In March, Nigeria’s inflation rate rose to 33.20 percent, from 31.70 percent in February.

Consequently, CBN’s monetary policy committee (MPC) raised the interest rate by 200 basis points in March to 24.75 percent.

Cardoso said there is “every indication” that MPC would “do whatever is necessary” to rein inflation.

“They will continue to do what has to be done to ensure that inflation comes down,” Cardoso said.

“Let’s face it: for a long period of time, the CBN did not embrace orthodox monetary policies.

“We want to go back to using an orthodox method, and it will take us to where we want to go.”

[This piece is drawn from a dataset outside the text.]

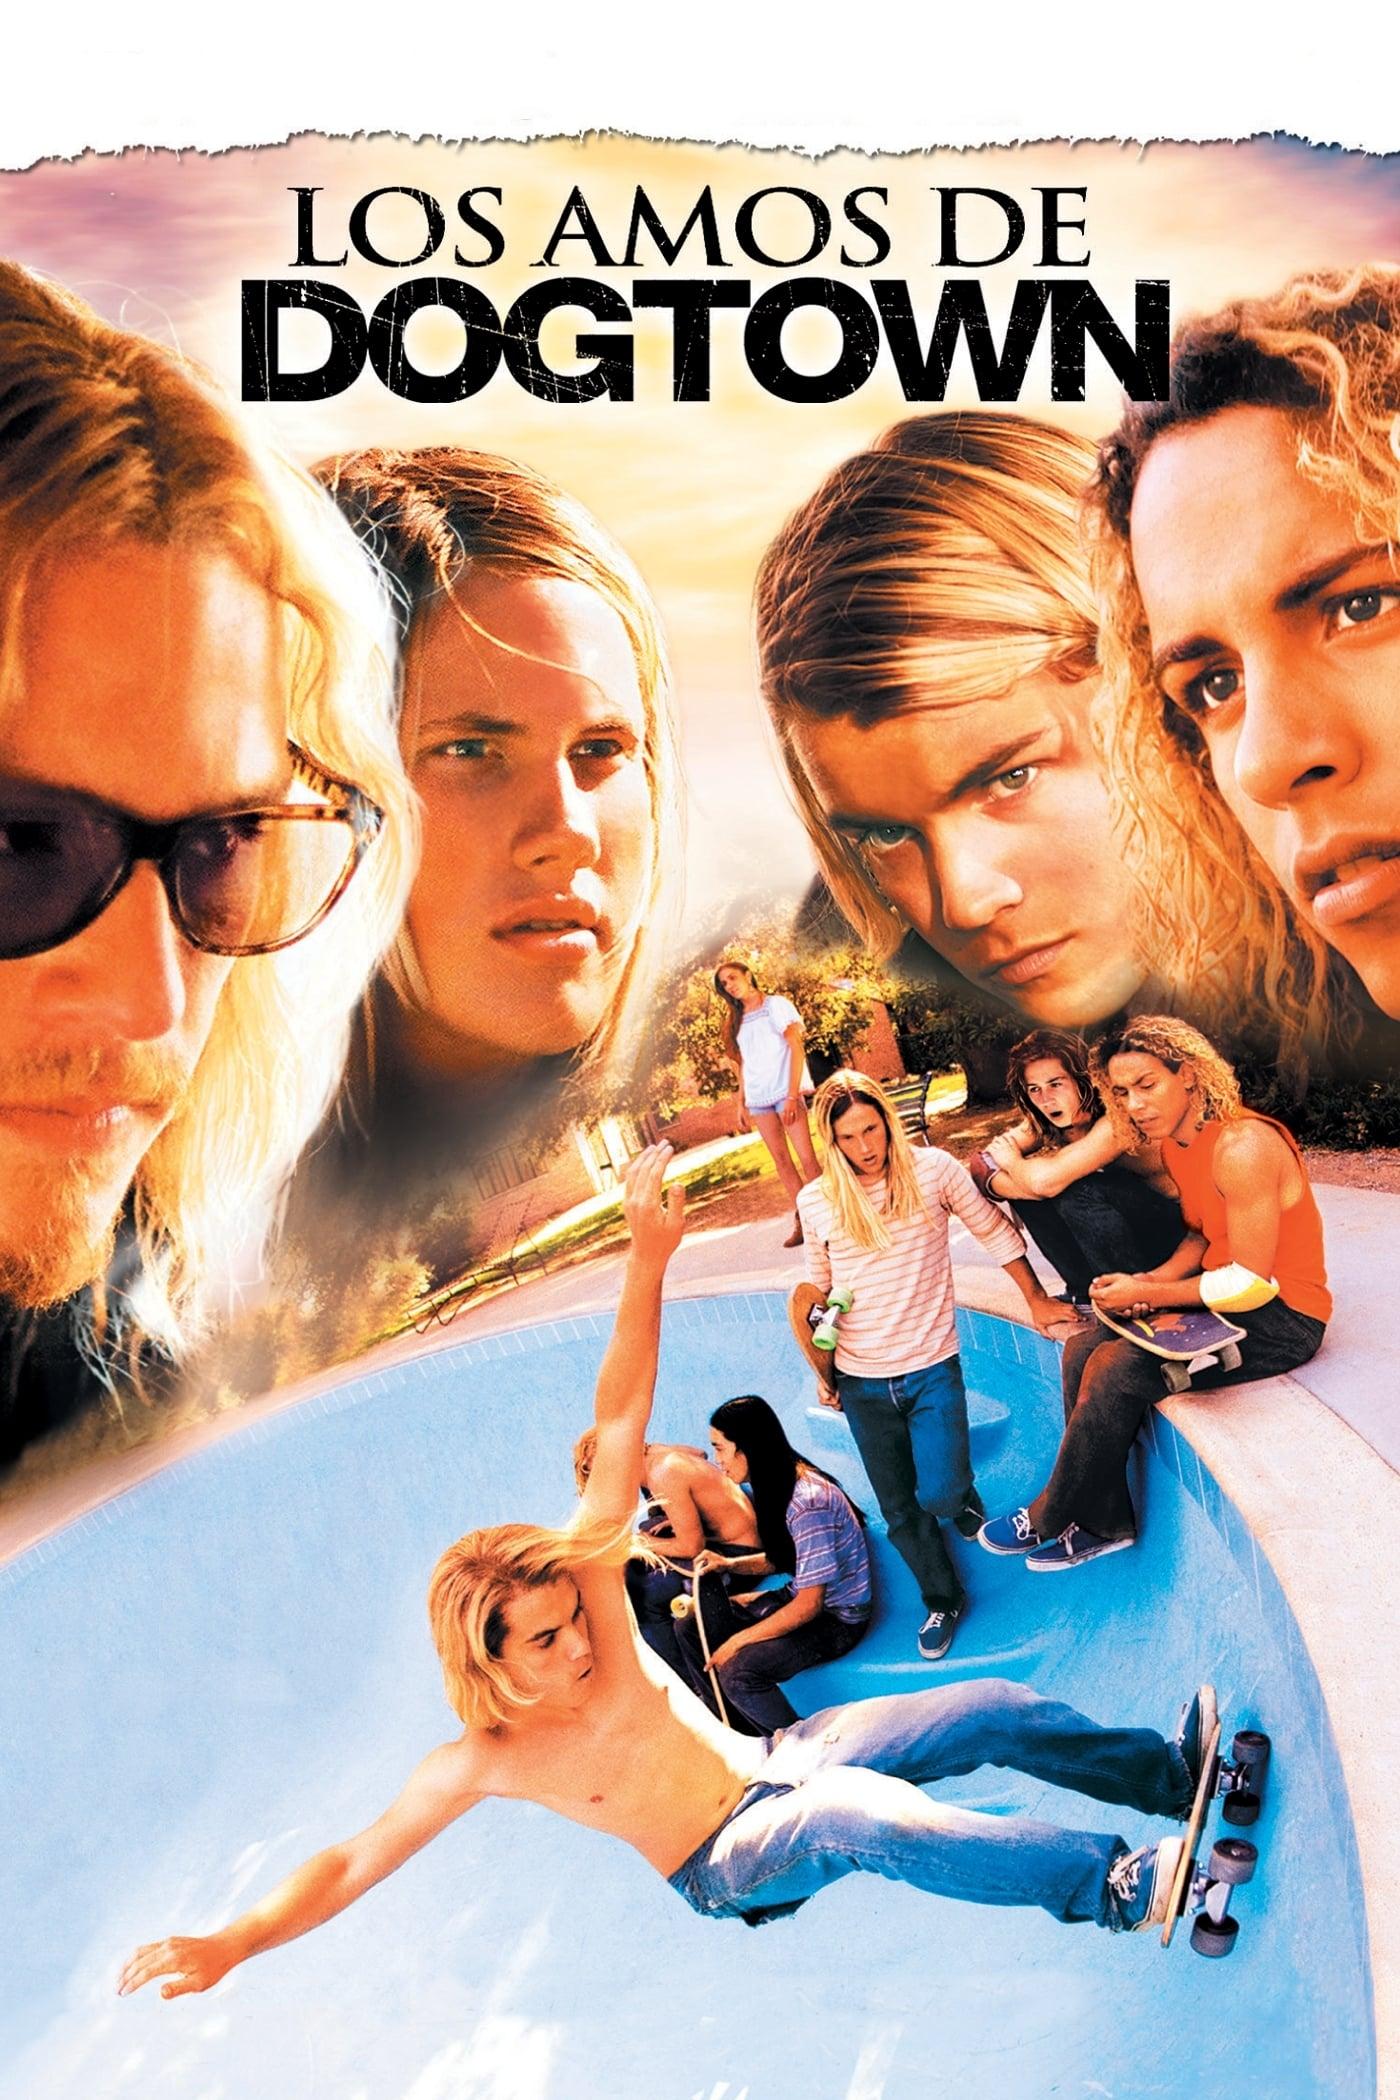 Los amos de Dogtown poster

Cardoso said the apex bank had been “reoriented” to focus on “price and monetary stability”.

He said the official window of the foreign exchange (FX) market has been stabilised.

According to the governor, investors previously had a “tendency to head for the window” in response to currency fluctuations, however, there has been a “fundamental shift”.

“They’re getting more comfortable with the market,” Cardoso said.

The naira fell to its lowest level of N1,627.40/$ in the official FX window on March 8 but rallied to N1,154.08/$ on April 18, after which the local currency began to lose its gains.

As of May 10, the official FX rate stood at N1,466.31/$.

Also, Cardoso maintained that raising interest rates has been crucial.

He hoped that high interest rates would not linger for too long and act as a disincentive to investment and production.

“Hiking interest rates obviously has had a dampening effect on the foreign exchange market, so that has begun to moderate. It’s not a zero-sum game. You lose on one side, you get on the other,” he said.

He said inflation was higher than he had hoped, blaming “distortions” mainly due to high food prices.

Cardoso said it is not directly within CBN’s control.

Food inflation rose to 40.01 percent in March, compared to the 24.45 percent rate recorded in the same month last year.